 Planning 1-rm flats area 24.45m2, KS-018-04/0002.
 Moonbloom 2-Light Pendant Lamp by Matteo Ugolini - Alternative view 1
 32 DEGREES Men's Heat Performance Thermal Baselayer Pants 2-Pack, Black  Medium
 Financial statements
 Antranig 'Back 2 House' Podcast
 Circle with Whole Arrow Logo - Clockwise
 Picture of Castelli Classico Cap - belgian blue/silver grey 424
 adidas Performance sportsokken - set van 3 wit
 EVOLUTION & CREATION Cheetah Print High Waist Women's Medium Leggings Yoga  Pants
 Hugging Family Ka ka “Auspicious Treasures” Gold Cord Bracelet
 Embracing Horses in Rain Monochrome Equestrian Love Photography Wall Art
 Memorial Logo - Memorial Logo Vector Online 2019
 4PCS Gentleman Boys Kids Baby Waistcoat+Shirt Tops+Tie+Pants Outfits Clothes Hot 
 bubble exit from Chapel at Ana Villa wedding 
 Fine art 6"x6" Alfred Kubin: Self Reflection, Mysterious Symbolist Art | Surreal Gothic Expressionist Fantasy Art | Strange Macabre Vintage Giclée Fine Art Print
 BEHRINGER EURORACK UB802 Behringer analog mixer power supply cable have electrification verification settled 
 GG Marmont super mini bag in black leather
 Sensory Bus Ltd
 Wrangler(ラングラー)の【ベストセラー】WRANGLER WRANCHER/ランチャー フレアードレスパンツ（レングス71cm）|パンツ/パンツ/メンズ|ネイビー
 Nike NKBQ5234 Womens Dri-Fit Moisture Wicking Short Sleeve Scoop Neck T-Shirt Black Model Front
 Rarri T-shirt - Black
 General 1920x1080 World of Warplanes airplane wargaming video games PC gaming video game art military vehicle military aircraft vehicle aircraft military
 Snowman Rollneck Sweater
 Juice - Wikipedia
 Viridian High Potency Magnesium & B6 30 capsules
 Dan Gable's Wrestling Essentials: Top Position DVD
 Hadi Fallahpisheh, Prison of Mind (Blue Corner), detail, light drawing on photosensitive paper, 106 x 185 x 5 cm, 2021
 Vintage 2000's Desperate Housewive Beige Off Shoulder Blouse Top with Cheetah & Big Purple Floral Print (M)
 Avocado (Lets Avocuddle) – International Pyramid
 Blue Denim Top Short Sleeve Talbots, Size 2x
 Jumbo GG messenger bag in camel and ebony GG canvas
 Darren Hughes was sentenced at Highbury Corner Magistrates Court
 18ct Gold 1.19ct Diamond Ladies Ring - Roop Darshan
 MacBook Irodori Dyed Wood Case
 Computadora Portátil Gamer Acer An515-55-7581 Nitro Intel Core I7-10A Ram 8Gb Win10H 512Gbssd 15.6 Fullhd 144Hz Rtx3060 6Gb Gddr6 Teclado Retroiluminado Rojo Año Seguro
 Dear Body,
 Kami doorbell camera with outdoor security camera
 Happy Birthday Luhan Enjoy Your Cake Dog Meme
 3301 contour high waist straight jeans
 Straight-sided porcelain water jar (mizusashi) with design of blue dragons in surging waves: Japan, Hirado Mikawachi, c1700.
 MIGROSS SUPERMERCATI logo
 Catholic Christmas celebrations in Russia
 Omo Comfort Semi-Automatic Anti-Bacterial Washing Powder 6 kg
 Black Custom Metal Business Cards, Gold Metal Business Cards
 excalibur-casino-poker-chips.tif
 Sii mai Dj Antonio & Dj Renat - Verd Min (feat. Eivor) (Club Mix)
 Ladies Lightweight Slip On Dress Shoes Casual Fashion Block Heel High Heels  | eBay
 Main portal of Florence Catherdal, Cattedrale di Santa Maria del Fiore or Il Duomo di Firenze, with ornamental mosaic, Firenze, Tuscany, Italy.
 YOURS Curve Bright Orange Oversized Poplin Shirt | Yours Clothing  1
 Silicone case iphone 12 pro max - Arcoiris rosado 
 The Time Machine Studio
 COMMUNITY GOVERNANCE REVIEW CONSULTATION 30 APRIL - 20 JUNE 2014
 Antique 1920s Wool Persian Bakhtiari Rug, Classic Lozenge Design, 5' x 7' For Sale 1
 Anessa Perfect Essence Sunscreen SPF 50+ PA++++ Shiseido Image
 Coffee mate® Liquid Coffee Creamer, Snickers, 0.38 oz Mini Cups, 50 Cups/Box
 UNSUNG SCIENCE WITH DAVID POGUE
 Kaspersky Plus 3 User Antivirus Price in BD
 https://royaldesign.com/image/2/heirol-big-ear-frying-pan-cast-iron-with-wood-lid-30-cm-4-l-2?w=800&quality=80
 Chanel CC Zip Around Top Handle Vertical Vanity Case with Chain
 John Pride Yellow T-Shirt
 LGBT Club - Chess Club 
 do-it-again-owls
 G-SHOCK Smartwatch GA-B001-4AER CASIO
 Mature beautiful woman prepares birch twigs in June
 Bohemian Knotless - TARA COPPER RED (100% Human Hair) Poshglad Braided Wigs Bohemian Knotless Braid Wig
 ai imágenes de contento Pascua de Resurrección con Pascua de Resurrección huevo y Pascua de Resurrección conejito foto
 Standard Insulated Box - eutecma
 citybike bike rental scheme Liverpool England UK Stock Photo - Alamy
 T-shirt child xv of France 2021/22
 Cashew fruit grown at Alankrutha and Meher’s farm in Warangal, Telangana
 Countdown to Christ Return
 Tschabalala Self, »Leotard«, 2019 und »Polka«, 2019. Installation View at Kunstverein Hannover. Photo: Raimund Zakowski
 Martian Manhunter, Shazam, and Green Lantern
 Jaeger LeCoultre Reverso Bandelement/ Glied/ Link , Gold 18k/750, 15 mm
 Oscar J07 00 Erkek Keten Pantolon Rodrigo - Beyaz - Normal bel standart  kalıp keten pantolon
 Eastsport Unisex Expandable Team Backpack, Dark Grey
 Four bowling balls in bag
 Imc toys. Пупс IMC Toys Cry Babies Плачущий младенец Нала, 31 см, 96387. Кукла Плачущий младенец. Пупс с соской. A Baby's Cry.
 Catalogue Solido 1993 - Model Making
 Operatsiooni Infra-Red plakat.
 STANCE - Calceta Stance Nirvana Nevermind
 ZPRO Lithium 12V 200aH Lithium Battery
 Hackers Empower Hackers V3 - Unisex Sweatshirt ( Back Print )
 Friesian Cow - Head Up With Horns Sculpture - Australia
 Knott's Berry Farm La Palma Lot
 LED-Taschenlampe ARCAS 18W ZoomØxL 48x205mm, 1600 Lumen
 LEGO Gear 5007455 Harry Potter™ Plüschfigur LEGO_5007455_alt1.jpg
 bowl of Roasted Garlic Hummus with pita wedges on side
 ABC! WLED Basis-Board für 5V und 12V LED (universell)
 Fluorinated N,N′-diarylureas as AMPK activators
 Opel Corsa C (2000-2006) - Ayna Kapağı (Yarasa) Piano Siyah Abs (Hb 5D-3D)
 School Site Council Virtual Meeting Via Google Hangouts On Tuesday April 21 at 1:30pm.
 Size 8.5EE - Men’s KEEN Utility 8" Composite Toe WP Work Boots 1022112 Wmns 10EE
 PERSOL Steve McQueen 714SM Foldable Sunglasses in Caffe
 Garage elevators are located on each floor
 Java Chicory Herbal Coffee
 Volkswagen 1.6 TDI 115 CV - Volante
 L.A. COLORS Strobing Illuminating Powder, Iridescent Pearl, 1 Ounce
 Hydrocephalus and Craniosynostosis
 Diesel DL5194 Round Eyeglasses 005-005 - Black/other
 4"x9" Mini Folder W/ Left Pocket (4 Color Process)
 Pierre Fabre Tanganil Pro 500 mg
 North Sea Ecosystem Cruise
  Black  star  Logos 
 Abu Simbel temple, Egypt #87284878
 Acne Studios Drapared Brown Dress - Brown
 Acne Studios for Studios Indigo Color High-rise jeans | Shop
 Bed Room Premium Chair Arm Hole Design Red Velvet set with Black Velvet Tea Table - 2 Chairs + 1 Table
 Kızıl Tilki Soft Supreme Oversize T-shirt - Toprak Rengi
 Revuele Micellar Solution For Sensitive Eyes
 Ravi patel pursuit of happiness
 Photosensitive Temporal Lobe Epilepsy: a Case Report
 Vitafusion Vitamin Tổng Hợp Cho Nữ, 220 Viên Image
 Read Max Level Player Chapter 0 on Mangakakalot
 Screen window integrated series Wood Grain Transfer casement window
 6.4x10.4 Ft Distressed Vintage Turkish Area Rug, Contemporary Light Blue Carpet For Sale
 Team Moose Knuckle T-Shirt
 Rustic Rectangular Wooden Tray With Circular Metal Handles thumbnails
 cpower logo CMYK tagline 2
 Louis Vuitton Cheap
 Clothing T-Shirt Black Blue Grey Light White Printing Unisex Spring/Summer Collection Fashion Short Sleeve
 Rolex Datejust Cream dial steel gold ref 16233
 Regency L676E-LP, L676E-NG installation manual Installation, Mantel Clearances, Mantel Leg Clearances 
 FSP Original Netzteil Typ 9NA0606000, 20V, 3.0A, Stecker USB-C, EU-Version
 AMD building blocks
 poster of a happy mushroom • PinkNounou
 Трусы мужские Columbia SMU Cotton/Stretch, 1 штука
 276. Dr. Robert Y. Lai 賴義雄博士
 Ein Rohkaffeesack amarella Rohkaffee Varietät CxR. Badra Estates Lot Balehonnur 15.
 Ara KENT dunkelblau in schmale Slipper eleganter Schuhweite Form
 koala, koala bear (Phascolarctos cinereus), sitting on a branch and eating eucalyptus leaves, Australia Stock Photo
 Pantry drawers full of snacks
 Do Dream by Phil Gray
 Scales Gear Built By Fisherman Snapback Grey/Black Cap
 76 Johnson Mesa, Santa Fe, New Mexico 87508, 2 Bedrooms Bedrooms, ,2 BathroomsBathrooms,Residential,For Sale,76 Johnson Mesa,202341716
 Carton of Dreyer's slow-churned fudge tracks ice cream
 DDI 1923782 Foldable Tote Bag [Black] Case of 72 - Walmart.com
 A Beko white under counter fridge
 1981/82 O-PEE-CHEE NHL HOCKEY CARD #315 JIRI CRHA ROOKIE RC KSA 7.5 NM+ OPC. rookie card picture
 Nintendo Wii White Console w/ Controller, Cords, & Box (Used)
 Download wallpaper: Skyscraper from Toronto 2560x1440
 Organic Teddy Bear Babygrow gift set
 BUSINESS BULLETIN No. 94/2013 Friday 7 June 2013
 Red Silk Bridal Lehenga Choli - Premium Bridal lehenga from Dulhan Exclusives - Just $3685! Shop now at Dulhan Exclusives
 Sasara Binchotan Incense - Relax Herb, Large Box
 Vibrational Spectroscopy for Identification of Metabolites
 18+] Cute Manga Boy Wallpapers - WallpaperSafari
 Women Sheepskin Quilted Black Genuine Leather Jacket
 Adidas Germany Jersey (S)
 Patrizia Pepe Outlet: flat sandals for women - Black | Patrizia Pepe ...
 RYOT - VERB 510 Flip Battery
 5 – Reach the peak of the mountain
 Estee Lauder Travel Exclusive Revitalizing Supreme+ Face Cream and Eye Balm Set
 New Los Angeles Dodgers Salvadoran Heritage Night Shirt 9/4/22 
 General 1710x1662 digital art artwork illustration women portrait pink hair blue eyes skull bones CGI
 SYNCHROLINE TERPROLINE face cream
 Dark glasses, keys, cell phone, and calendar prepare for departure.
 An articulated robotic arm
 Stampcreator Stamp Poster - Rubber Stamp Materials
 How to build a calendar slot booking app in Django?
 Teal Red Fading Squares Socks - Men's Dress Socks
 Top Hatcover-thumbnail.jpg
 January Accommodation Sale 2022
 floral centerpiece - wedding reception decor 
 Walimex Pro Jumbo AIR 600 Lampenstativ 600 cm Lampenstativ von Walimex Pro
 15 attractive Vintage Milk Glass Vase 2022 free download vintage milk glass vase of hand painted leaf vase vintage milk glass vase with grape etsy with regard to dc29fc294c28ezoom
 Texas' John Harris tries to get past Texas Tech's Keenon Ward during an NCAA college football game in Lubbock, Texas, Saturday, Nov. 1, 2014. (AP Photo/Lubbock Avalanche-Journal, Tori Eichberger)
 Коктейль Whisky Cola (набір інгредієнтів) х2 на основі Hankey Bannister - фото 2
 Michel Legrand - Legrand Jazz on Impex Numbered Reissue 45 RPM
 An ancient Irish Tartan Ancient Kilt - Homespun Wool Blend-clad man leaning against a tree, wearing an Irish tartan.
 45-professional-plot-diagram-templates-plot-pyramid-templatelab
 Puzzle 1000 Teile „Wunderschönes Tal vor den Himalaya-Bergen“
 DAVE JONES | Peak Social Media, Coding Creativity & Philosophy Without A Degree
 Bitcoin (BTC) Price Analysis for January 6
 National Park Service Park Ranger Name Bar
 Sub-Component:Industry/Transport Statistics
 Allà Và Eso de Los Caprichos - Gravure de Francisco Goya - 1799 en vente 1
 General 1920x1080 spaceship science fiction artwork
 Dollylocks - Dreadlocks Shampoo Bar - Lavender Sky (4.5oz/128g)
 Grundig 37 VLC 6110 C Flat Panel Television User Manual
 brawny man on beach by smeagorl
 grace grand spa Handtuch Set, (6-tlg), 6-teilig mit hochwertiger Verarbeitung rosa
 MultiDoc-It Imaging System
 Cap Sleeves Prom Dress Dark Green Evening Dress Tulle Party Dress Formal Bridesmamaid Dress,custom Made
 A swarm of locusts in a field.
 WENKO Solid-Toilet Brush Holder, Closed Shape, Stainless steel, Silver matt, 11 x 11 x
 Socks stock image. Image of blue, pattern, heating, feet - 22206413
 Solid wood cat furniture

==============================

WHAT TO PRODUCE:
Retype exactly the span of lines from the one with "Sensory Bus Ltd" through the one with "Omo Comfort Semi-Automatic"; include both ends and omit the rest of the material.

RESULT OF THE EXERCISE:
 Sensory Bus Ltd
 Wrangler(ラングラー)の【ベストセラー】WRANGLER WRANCHER/ランチャー フレアードレスパンツ（レングス71cm）|パンツ/パンツ/メンズ|ネイビー
 Nike NKBQ5234 Womens Dri-Fit Moisture Wicking Short Sleeve Scoop Neck T-Shirt Black Model Front
 Rarri T-shirt - Black
 General 1920x1080 World of Warplanes airplane wargaming video games PC gaming video game art military vehicle military aircraft vehicle aircraft military
 Snowman Rollneck Sweater
 Juice - Wikipedia
 Viridian High Potency Magnesium & B6 30 capsules
 Dan Gable's Wrestling Essentials: Top Position DVD
 Hadi Fallahpisheh, Prison of Mind (Blue Corner), detail, light drawing on photosensitive paper, 106 x 185 x 5 cm, 2021
 Vintage 2000's Desperate Housewive Beige Off Shoulder Blouse Top with Cheetah & Big Purple Floral Print (M)
 Avocado (Lets Avocuddle) – International Pyramid
 Blue Denim Top Short Sleeve Talbots, Size 2x
 Jumbo GG messenger bag in camel and ebony GG canvas
 Darren Hughes was sentenced at Highbury Corner Magistrates Court
 18ct Gold 1.19ct Diamond Ladies Ring - Roop Darshan
 MacBook Irodori Dyed Wood Case
 Computadora Portátil Gamer Acer An515-55-7581 Nitro Intel Core I7-10A Ram 8Gb Win10H 512Gbssd 15.6 Fullhd 144Hz Rtx3060 6Gb Gddr6 Teclado Retroiluminado Rojo Año Seguro
 Dear Body,
 Kami doorbell camera with outdoor security camera
 Happy Birthday Luhan Enjoy Your Cake Dog Meme
 3301 contour high waist straight jeans
 Straight-sided porcelain water jar (mizusashi) with design of blue dragons in surging waves: Japan, Hirado Mikawachi, c1700.
 MIGROSS SUPERMERCATI logo
 Catholic Christmas celebrations in Russia
 Omo Comfort Semi-Automatic Anti-Bacterial Washing Powder 6 kg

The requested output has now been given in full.